A Structured Framework for Strengthening Nutrition Early Action Within Yemen’s Response Architecture

The Yemen Anticipatory Action for Nutrition Roadmap, developed by the Yemen Nutrition Cluster with technical support from the Global Nutrition Cluster, sets out a practical approach to reducing the impact of predictable shocks on nutrition outcomes in Yemen.
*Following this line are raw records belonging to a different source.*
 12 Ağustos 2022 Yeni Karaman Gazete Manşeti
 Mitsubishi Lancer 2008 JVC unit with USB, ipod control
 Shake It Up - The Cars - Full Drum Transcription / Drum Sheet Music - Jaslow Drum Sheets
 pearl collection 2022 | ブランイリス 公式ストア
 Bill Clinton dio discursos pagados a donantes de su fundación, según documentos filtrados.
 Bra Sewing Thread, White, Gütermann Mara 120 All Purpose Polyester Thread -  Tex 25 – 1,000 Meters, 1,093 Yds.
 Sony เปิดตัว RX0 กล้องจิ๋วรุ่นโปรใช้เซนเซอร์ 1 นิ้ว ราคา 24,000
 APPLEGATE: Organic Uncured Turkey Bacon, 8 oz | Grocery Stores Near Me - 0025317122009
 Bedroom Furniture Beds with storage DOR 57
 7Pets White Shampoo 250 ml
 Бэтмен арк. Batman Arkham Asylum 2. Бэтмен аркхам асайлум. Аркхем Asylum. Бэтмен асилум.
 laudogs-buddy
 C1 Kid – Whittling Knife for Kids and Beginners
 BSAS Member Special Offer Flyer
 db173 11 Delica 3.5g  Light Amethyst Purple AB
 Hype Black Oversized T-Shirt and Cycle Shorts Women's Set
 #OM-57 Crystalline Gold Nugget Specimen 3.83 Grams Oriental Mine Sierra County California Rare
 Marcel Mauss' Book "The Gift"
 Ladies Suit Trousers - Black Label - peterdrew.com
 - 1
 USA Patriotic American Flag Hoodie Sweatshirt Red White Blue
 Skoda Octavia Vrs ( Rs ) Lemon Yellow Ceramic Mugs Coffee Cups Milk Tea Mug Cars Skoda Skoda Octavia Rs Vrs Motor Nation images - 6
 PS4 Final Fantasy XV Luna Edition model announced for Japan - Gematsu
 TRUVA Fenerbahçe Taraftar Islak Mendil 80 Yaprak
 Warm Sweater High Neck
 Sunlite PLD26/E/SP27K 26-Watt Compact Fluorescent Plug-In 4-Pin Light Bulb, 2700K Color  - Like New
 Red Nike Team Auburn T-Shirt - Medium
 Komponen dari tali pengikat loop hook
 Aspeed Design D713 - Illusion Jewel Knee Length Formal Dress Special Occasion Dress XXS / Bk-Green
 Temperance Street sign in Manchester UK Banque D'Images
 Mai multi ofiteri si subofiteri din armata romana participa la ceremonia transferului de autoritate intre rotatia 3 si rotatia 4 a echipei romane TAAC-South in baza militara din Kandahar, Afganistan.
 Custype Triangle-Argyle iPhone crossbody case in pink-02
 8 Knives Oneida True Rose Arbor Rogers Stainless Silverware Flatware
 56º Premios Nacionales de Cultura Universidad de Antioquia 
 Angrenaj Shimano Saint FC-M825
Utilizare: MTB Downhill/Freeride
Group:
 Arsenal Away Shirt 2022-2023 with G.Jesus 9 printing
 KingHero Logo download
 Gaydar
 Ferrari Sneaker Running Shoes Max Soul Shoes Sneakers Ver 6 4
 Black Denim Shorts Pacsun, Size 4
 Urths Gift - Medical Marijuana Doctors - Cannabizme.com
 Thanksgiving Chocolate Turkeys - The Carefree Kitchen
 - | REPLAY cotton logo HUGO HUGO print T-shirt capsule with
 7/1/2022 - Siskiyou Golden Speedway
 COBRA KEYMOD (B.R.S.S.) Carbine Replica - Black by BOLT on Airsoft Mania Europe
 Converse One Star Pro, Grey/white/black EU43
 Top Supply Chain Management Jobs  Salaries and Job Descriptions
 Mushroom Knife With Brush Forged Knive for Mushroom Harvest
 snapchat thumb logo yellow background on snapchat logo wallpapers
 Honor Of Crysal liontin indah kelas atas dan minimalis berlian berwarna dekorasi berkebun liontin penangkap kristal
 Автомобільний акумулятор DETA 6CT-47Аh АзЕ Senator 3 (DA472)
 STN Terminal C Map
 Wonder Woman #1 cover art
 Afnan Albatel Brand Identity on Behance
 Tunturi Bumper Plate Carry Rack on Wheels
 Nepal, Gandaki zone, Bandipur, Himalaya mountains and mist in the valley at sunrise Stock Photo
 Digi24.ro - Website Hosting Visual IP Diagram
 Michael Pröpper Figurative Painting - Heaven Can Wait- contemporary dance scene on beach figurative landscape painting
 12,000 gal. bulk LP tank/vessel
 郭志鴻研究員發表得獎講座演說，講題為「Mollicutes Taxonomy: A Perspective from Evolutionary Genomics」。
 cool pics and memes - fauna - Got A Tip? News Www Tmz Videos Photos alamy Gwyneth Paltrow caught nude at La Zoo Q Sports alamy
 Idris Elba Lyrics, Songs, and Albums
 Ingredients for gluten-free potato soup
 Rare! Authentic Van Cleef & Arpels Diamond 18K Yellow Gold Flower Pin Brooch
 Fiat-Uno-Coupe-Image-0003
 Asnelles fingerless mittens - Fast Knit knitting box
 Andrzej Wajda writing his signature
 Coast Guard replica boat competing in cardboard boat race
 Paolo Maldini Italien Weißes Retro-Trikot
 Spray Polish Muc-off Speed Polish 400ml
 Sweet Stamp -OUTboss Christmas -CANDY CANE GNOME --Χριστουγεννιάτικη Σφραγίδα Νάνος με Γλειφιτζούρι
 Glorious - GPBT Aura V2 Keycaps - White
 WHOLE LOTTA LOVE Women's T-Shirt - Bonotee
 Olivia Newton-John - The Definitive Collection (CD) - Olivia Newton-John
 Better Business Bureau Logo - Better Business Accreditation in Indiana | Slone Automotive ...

Yemen continues to face a prolonged humanitarian crisis driven by conflict, economic instability, and increasing climate-related hazards, including flooding, disease outbreaks, food price volatility, and displacement. These recurrent shocks are key drivers of acute malnutrition, with an estimated 3.5 million people expected to be affected in 2025, including over 500,000 children with severe acute malnutrition. Despite the availability of early warning data, responses have largely remained reactive, often occurring after nutritional conditions have already deteriorated.

The roadmap:
  • Defines anticipatory action for nutrition as a time-bound, forward-looking approach that enables action ahead of predictable shocks.
  • Aims to reduce humanitarian impact, protect vulnerable populations, and ensure continuity of essential services in a cost-effective, risk-informed way.
  • Establishes a six-pillar framework covering both core and enabling components of an anticipatory action system, including improved use of early warning systems, stronger links between risk analysis and early action, and better integration with Health, WASH, and Food Security sectors.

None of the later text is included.